ELEVATED ATMOSPHERIC CO2 CONCENTRATION FAVORS NITROGEN PARTITIONING INTO ROOTS OF TOBACCO PLANTS UNDER NITROGEN DEFICIENCY BY DECREASING NITROGEN DEMAND OF THE SHOOT

Abstract

Anthropogenic increase of atmospheric CO2 concentration is likely to affect plant growth in natural and agricultural ecosystems. Since nitrogen (N) is one of the major factors limiting agricultural plant production, we investigated the effect of elevated atmospheric CO2 concentration on N partitioning at the whole-plant level and the cellular level at limited N supply. Tobacco was grown at ambient (400 ppm) and elevated (800 ppm) concentrations of atmospheric CO2 under conditions of defined N supply with the same amount of N supplied to all plants, independent of CO2-induced changes of the actual growth rate.
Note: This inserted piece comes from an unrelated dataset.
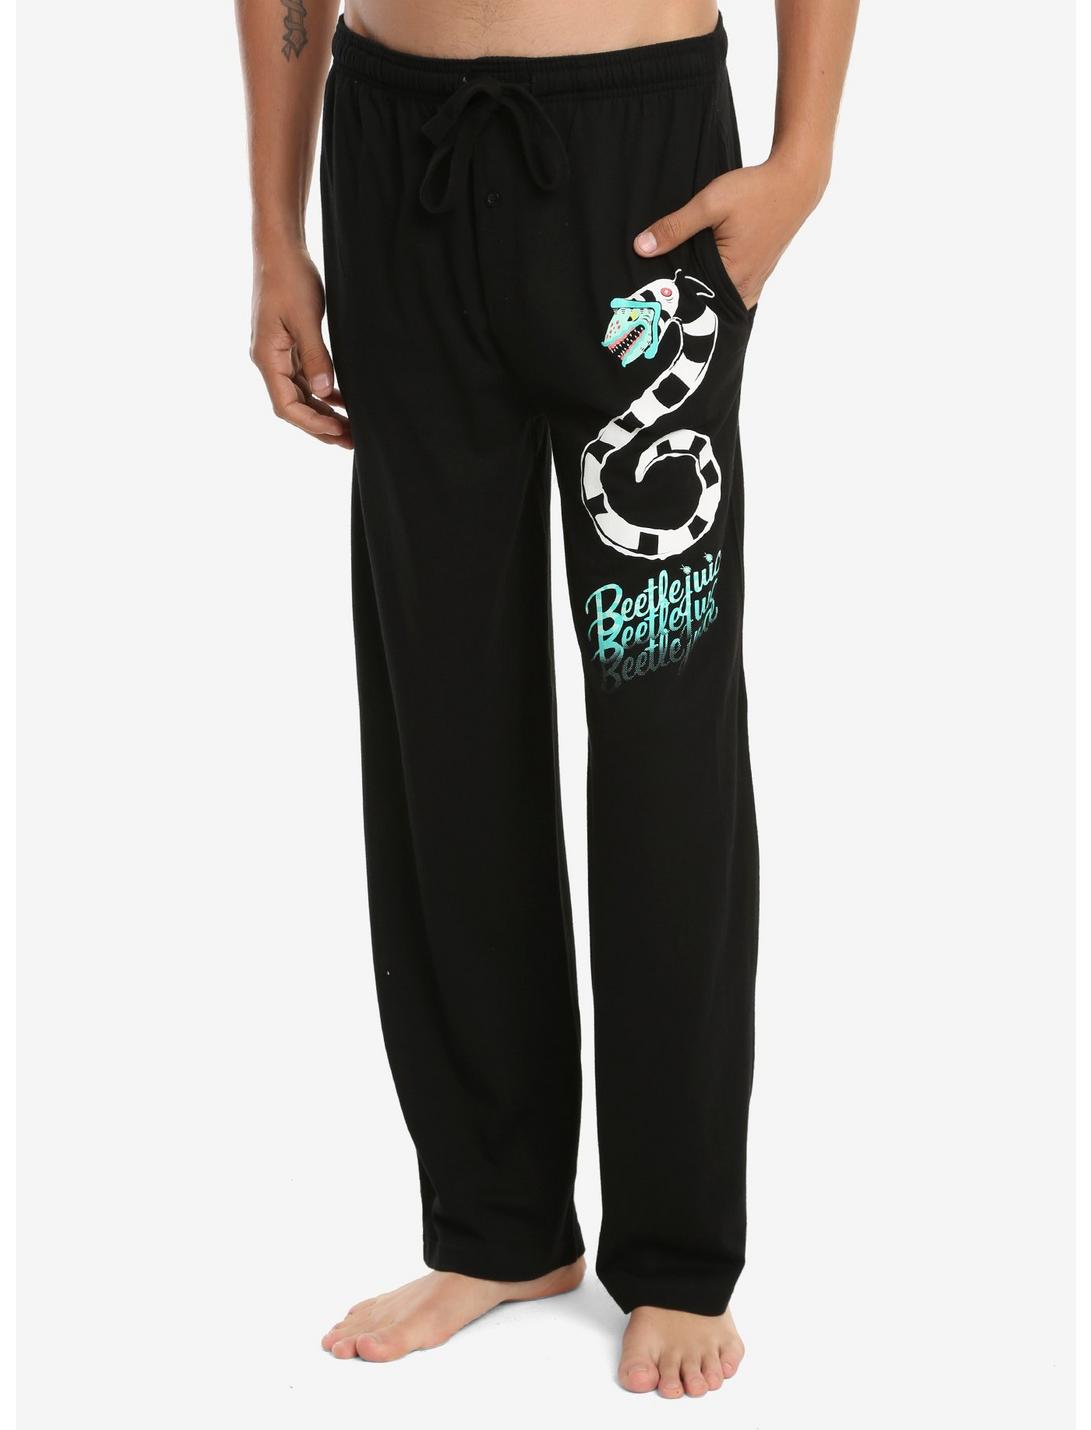 Beetlejuice Sandworm Guys Pajama Pants, BLACK, hi-res

Under conditions of N deficiency, high CO2 concentration promoted root growth whereas shoot growth was only slightly increased, which resulted in an increased root/shoot ratio. At low N supply, elevated atmospheric CO2 concentration decreased N concentrations in the shoot tissue, but not in roots. Obviously elevated CO2 supply stimulated N partitioning into roots relative to the shoots, which coincided with relatively stronger root growth. At the cellular level, Rubisco (ribulose-1,5-bisphosphate carboxylase-oxygenase) protein decreased under N deficiency and elevated CO2. This was associated with increasing starch concentrations, while sugar concentrations were not affected. We suggest that root growth under N limitation is restricted by the internal N availability rather than by other factors such as carbon supply. The present results suggest that N partitioning into roots is favored by elevated CO2 supply due to a decreased N demand of the shoot.